Capital loss relief can only be claimed by the taxpayer who made the loan. It was decided in HMRC Execs of Mr Jeffrey Leadley [2017] UKUT 0111  by the Upper Tribunal (UT) where UT overturned the original decision of the First-Tier Tribunal (FTT) and established that executors of the deceased taxpayer were not entitled to make a claim under section 253 if the loan was already irrecoverable before the death of the lender.


Is your loan actually irrecoverable?

Relief is only due if the loan has become irrecoverable. HMRC looks closely at this type of relationship to ensure it meets the criteria for the relief. To satisfy the criteria, the claimant must be able to demonstrate:

  • that the borrower cannot repay the loan at the date the claim is made
  • that there was no reasonable prospect of the loan ever being repaid. If the borrower continues to trade this test is unlikely to be satisfied
  • that there was no indication at the time of lending the money that this would not be recovered
  • that the purpose of the arrangement involving the loan was not to secure tax relief.

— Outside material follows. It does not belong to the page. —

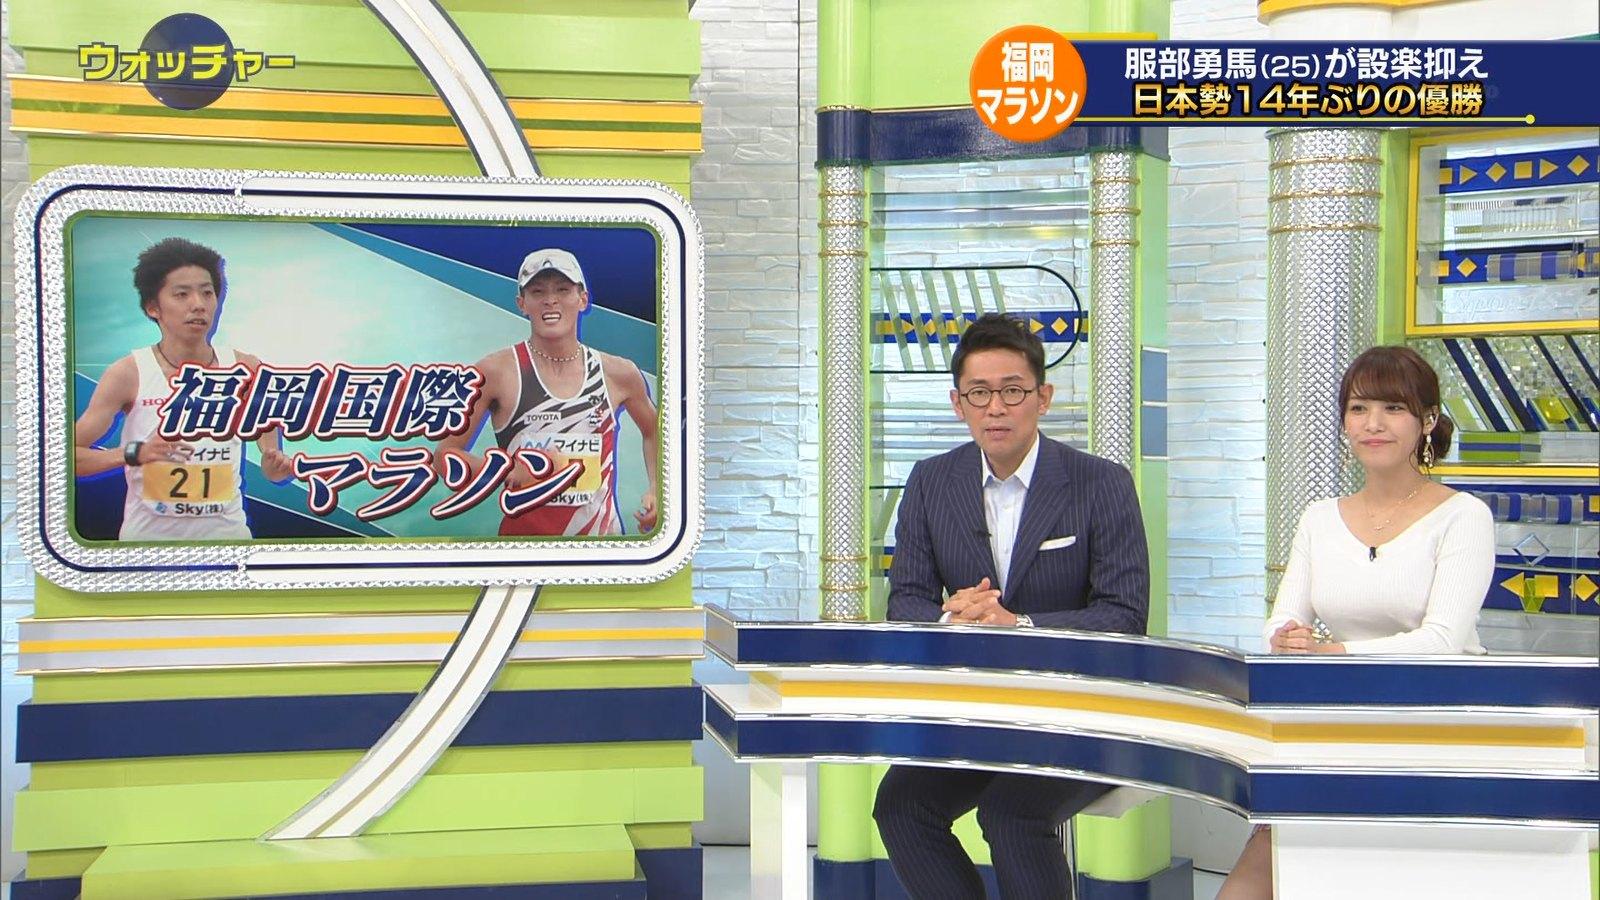 鷲見玲奈_女子アナ_ニットおっぱい_テレビキャプ画像_16

 When can you claim relief?

The relief is given by treating the amount outstanding as an allowable loss. Normally, you cannot claim that only part of the amount outstanding on a loan has become irrecoverable. You can make a claim if:

  • the borrower has been placed in bankruptcy, receivership or liquidation
  • the receiver or liquidator has announced an anticipated dividend in respect of unsecured debts and has indicated that no further dividends are likely
  • the amount of loan has been written off or released by waiver.


Relief may therefore be claimed against capital gains of the year of claim or carried-forward to the first available gains of subsequent tax years.


After the loan has become irrecoverable, the loss needs to be claimed within four years of the end of the tax year in which the loss crystallises. The loss will arise:

  • at the time you make the claim or, if you want
  • for capital gains tax purposes, the earlier time falls not more than two years before the beginning of the year of assessment in which the claim is made; or
  • for corporation tax purposes, the earlier time falls on or after the first day of the earliest accounting period ending not more than two years before the time of the claim. 


On this basis, your client could make a claim for the current tax year (2019/20), but also for either of the two preceding tax years 2017/18 or 2018/19 if this were more beneficial, providing that it can be shown that the loan was irrecoverable in the earlier years.


Do you have to pay back if recovered in future?

If you recover any amount for which you have claimed relief the amount you receive is treated as a chargeable gain. The chargeable gain arises in the tax year the payment is received and at the time of recovery.